Reining girl, I swear I saw an ad on Craigslist in San Diego a few weeks back for a QH gelding, who had that fox racing type brand on his shoulder, but he also had another brand on his butt, though I'll be darned if I can remember what it was. In the picture, he was tied to a trailer, tacked up with a western saddle, and I believe that there was another black horse in the corner of the picture (got a bit in the side of the picture the person was trying to take of his horse lol.) Just had to mention it, because the brand is so cool looking. She's a cute horse. 
On a different note, I've never actually owned a chestnut horse, though I did ride one for a bit, and I love them with stockings, socks, and facial markings, I think that they look so flashy that way.


----------



## BarrelracingArabian (Mar 31, 2010)

I have never owned one but i hope to possibly buy this boy he is my current lease and i have known him for about 4yrs hes come a long way. Hes an 11yr old arabian gelding
this shows his color best
















and this pretty filly is a yearling arabian i absolutely love her color


----------



## reining girl (Jan 30, 2009)

dressagebelle. Cricket has lots of brothers and sisters so it wouldnt suprise me that there are some in cali. Her breeder is in oregon, but there doing a heard dispersal so there are several horses with the same brand for sale. I love her brand, coolest brand ever lol.


----------



## mom2pride (May 5, 2009)

Ms. Flicka


----------



## Shalani (Jul 16, 2009)

Mahalima , I love her color


----------



## Kay26 (Sep 28, 2010)

woweee you guys have hightlighted my point, some gorgeous chestnuts out there clearly shown in all your pictures !! Keep 'em coming guys !


----------



## Lobelia Overhill (Nov 3, 2009)

Any excuse to show off my bhoy!!

7 y/o ISH gelding, 16.2hh...


----------



## Zora (Mar 18, 2010)

Your horse is gorgeous! 
Here is my 23 year old Quarter horse Pesky.


----------



## smrobs (Jul 30, 2008)

Sorrel/chestnut is one of my least favorite colors simply because that's pretty much all I had growing up. Now that I've had other colors for quite a few years, sorrels don't seem so bland to me. I still am not a fan of the orangey ones though, I prefer the deep rich reds.

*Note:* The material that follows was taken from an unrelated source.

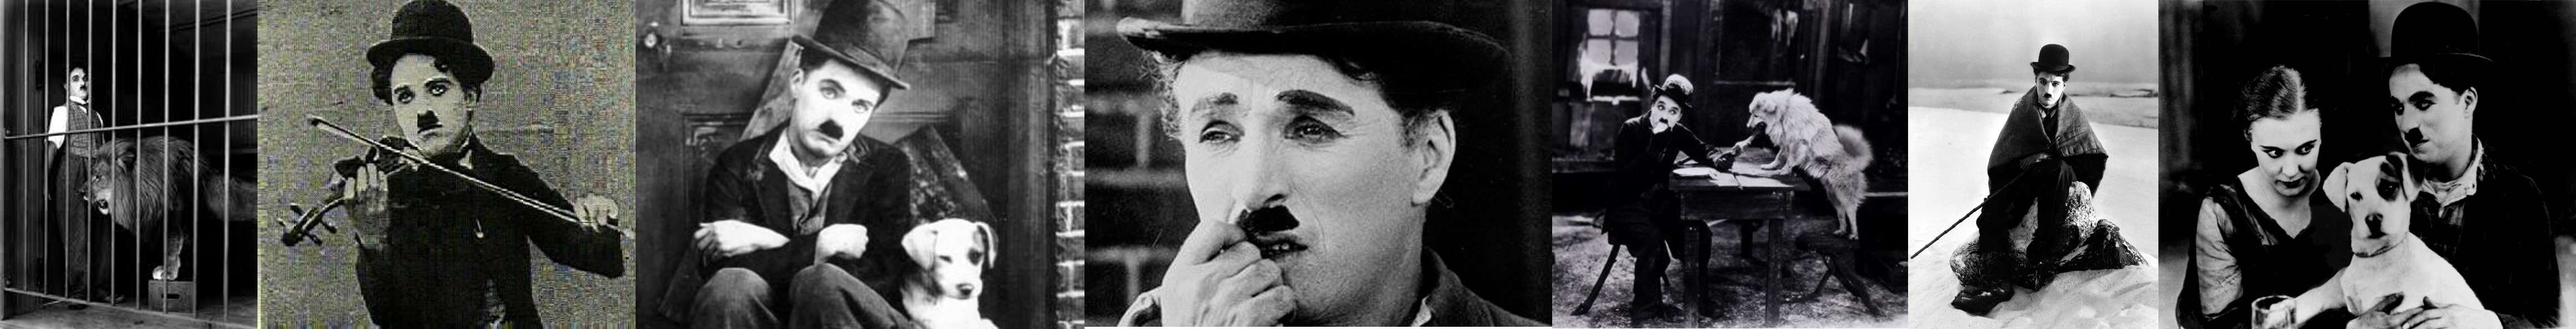 Charlie Chaplin Chapli13
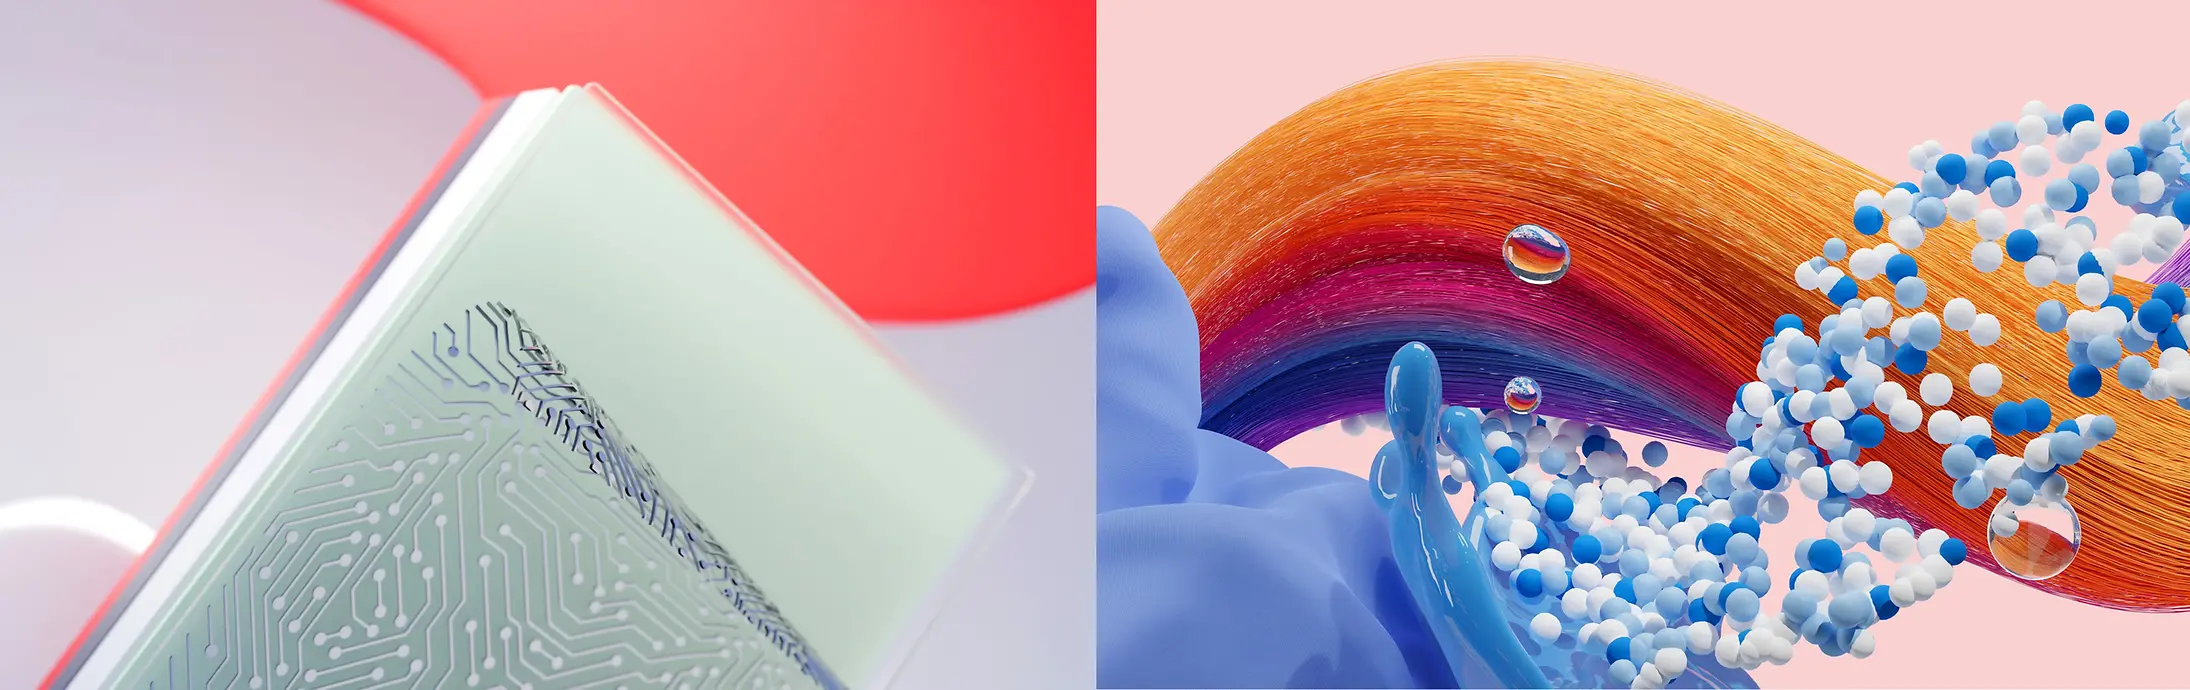 : Imagem abstrata que representa as unidades de negócio da Henkel: Adhesive Technologies, Hair e Laundry & Home Care.

This is Flash, my 27 year old QH.
(yep, he's ribby. We keep him that way for health reasons)









This is Jet, a guy that I broke to ride and then sold.









This is Bessie









And here's my favorite boy Rafe. Bessie is his mom.


----------



## aleciabanana (Jan 8, 2009)

Heres a few of my girl Savanna. : )


----------



## tempest (Jan 26, 2009)

This is Rocket, I worked with him for a while, but he had to be sent home due to health reasons. Yeah, he wasn't good at having pictures taken of him.

















And Jazz, I love this horse.

















I have more chestnut horse pictures, but um... they would take up more than a page.


----------



## BarrelracingArabian (Mar 31, 2010)

I got a better picture of outlaw and missy


----------